#27444 Expose multithreaded fflasffpack features
Expose multithreaded fflasffpack features
Authors:  Hongguang Zhu, Clément Pernet  Reviewers:  Luca De Feo 
Description
Dense linear algebra mod small p uses fflasffpack over float or double. This library support multithreading for some routines:
 matrixmatrix multiplication
 PLUQ decomposition
 etc.
This ticket proposes to expose these parallel variants to Sage user.
comment:9 Changed 3 years ago by
For the record: matrix multiplication over finite field works in parallel. The following experiment is on a 12 cores Intel skylakex server:
pernet@retourdest:~/soft/sage$ export OMP_NUM_THREADS=12;./sage ┌────────────────────────────────────────────────────────────────────┐ │ SageMath version 8.7.beta7, Release Date: 20190310 │ │ Using Python 2.7.15. Type "help()" for help. │ └────────────────────────────────────────────────────────────────────┘ ┏━━━━━━━━━━━━━━━━━━━━━━━━━━━━━━━━━━━━━━━━━━━━━━━━━━━━━━━━━━━━━━━━━━━━┓ ┃ Warning: this is a prerelease version, and it may be unstable. ┃ ┗━━━━━━━━━━━━━━━━━━━━━━━━━━━━━━━━━━━━━━━━━━━━━━━━━━━━━━━━━━━━━━━━━━━━┛ sage: a=random_matrix(GF(11),10000) sage: time b=a*a CPU times: user 23.3 s, sys: 405 ms, total: 23.7 s Wall time: 3.3 s
while on the same machine, on master we get:
sage: a=random_matrix(GF(11),10000) sage: time b=a*a CPU times: user 18.4 s, sys: 211 ms, total: 18.6 s Wall time: 18.7 s
The speedup of 6 for a 12 core machine is below what a selfstanding fflasffpack achieves. We need to investigate the reasons: alignment, strassenwinograd threshold, numa placement, etc.
I confirm that the branch successfullly parallizes det, rank and echelonize. However, in the current version of the branch, the matrix product is no longer parallelized. Could you revert the call to pfgemm?
comment:24 followup: ↓ 27 Changed 3 years ago by
I'm curious about these:
if m*n > 100000: sig_on()
Any reason not to always call sig_on()
?
Docs need updating.
EXAMPLES:
The number of processes is initialized to 1 (no parallelization) for each field (only tensor computations are implemented at the moment):
Also, it would be good to document in the matrix reference the availability of parallelism, like it is done in http://doc.sagemath.org/html/en/reference/tensor_free_modules/sage/tensor/modules/free_module_tensor.html#sage.tensor.modules.free_module_tensor.FreeModuleTensor.disp
comment:27 in reply to: ↑ 24 Changed 3 years ago by
Replying to defeo:
I'm curious about these:
if m*n > 100000: sig_on()Any reason not to always call
sig_on()
?
I guess the reason is to avoid the overhead of using the sigs when the call is with a tiny instance which runs almost instantly and will therefore have no chance of being interrupted.

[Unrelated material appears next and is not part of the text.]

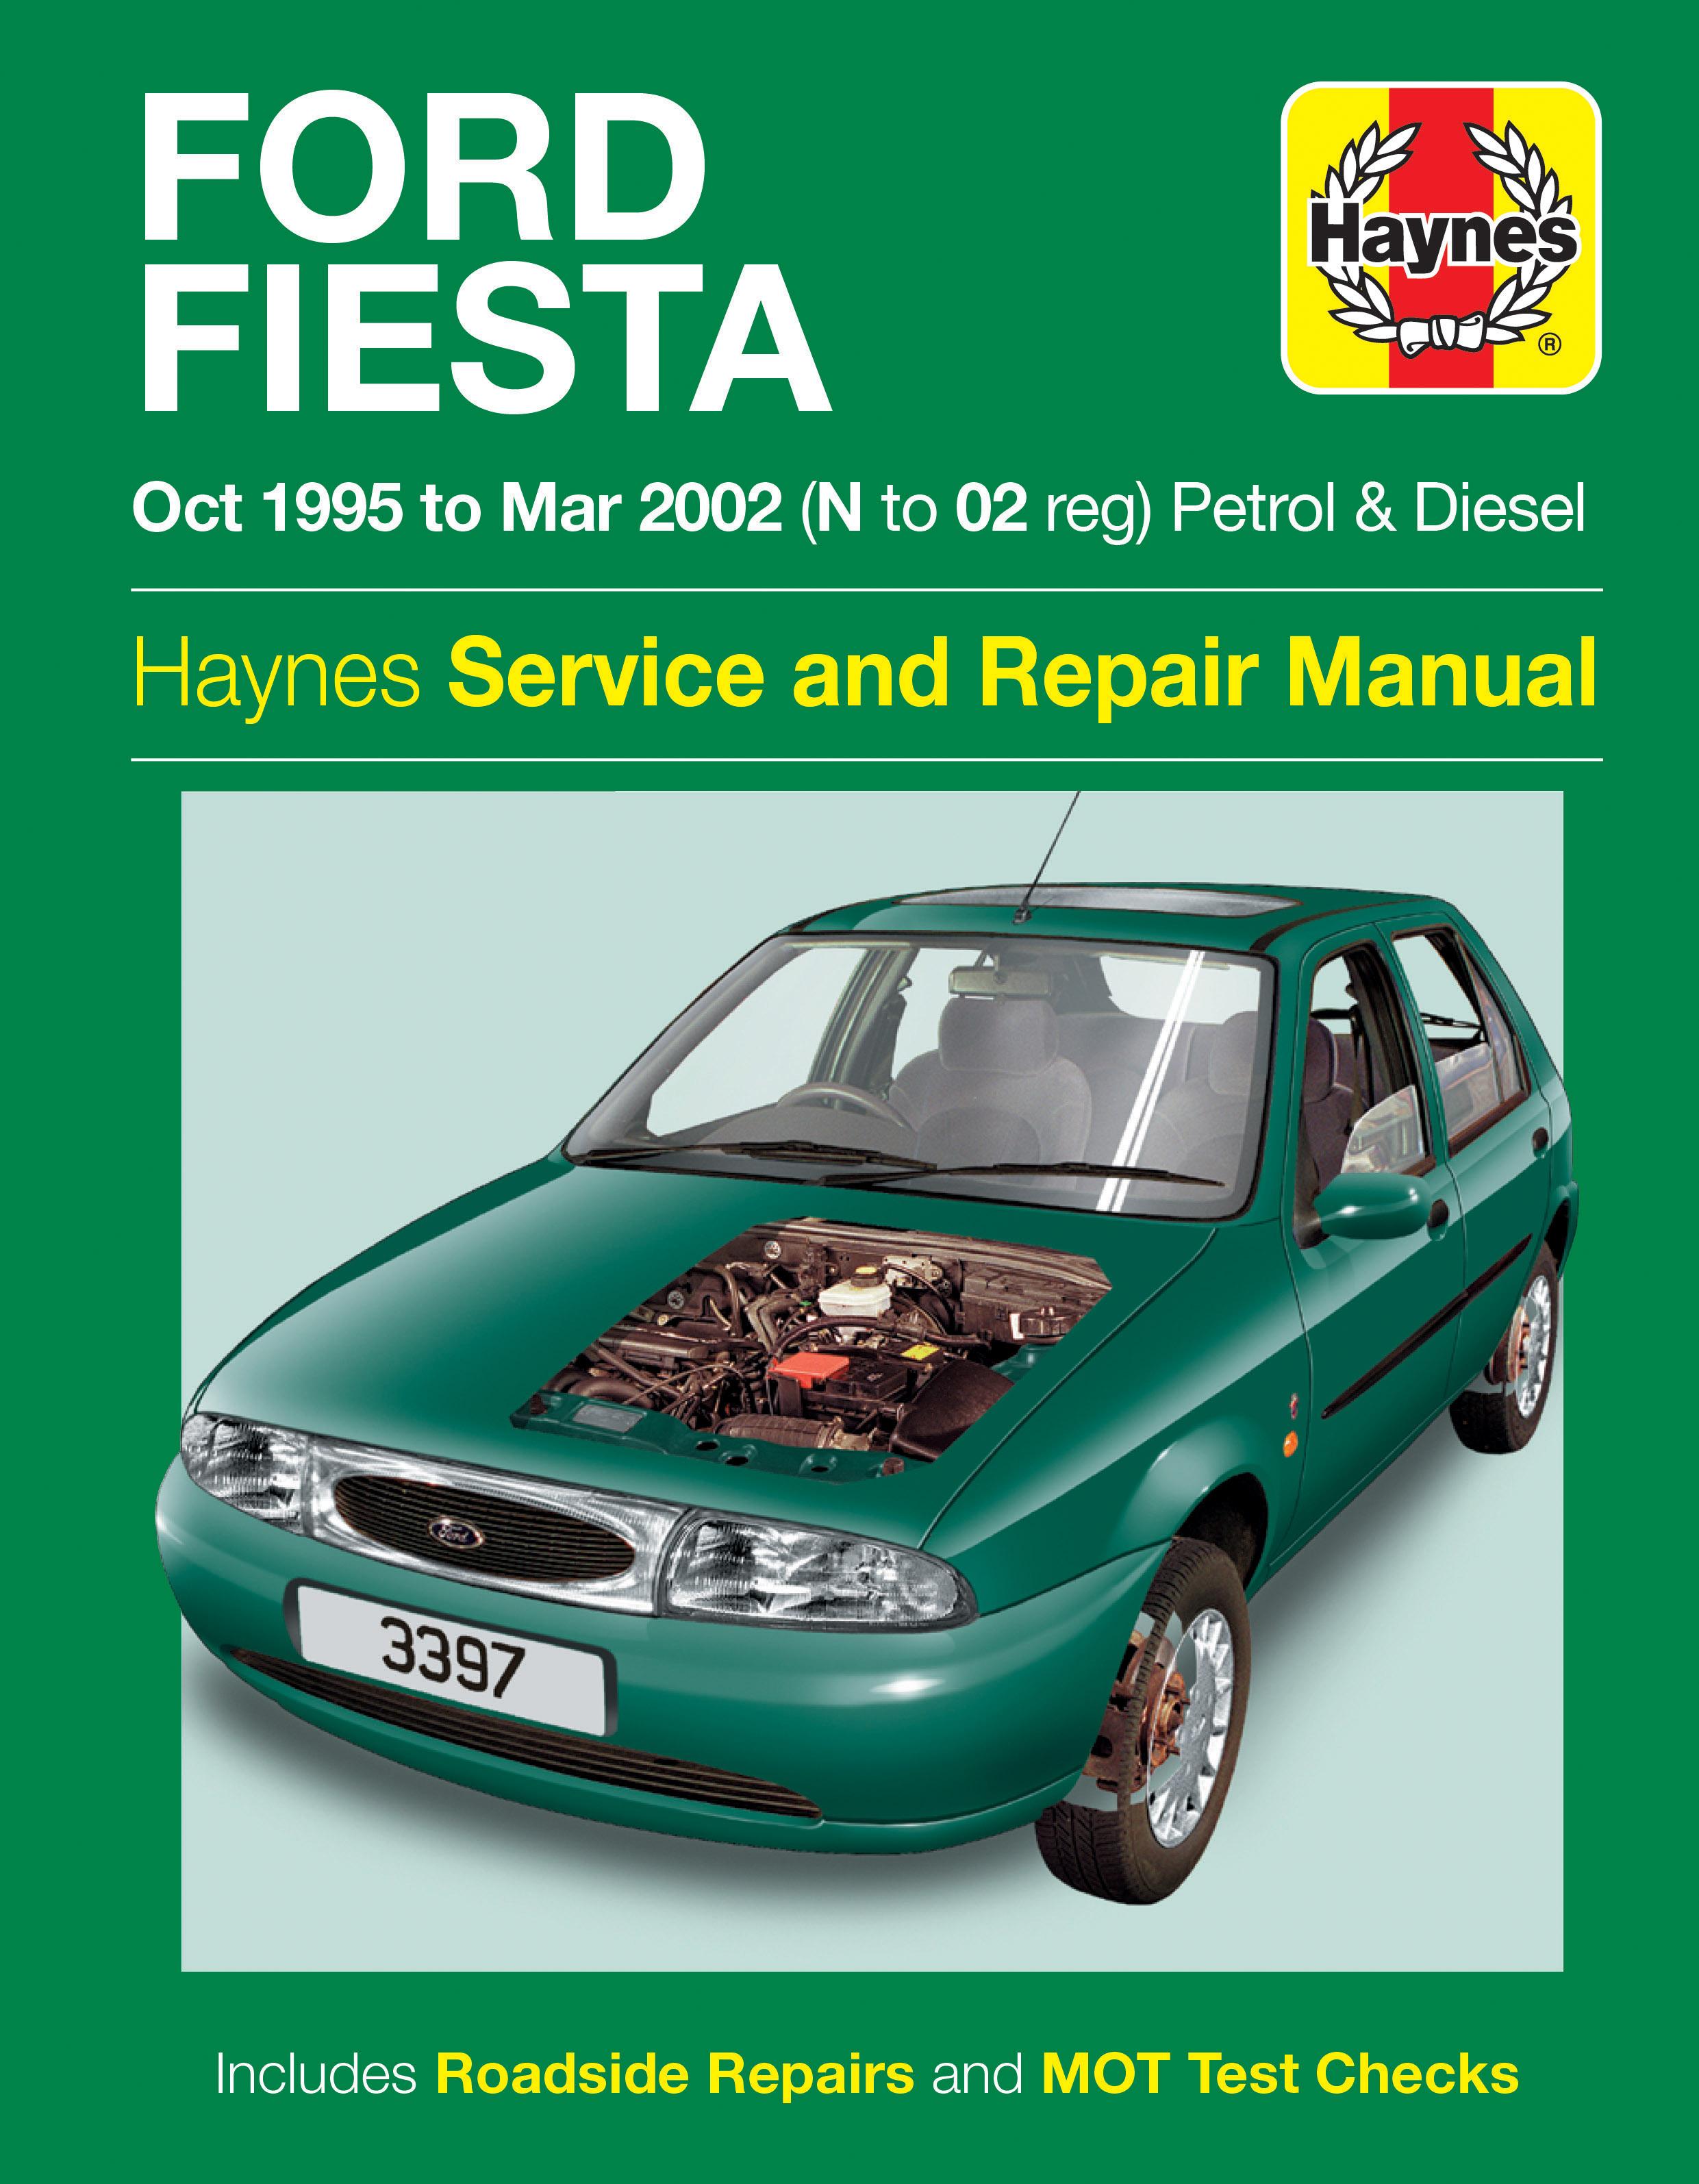 91 Ford Festiva Wiring Diagram Free Download Wiring Diagram

@defeo: Doc fixed in the above commit. Should be good to go now.
The ticket has no authors?
I don't think this ticket should have removed disableopenmp
from the fflas_ffpack build without mention, because now it requires OpenMP support in any modules which link to it, and this doesn't seem to work properly.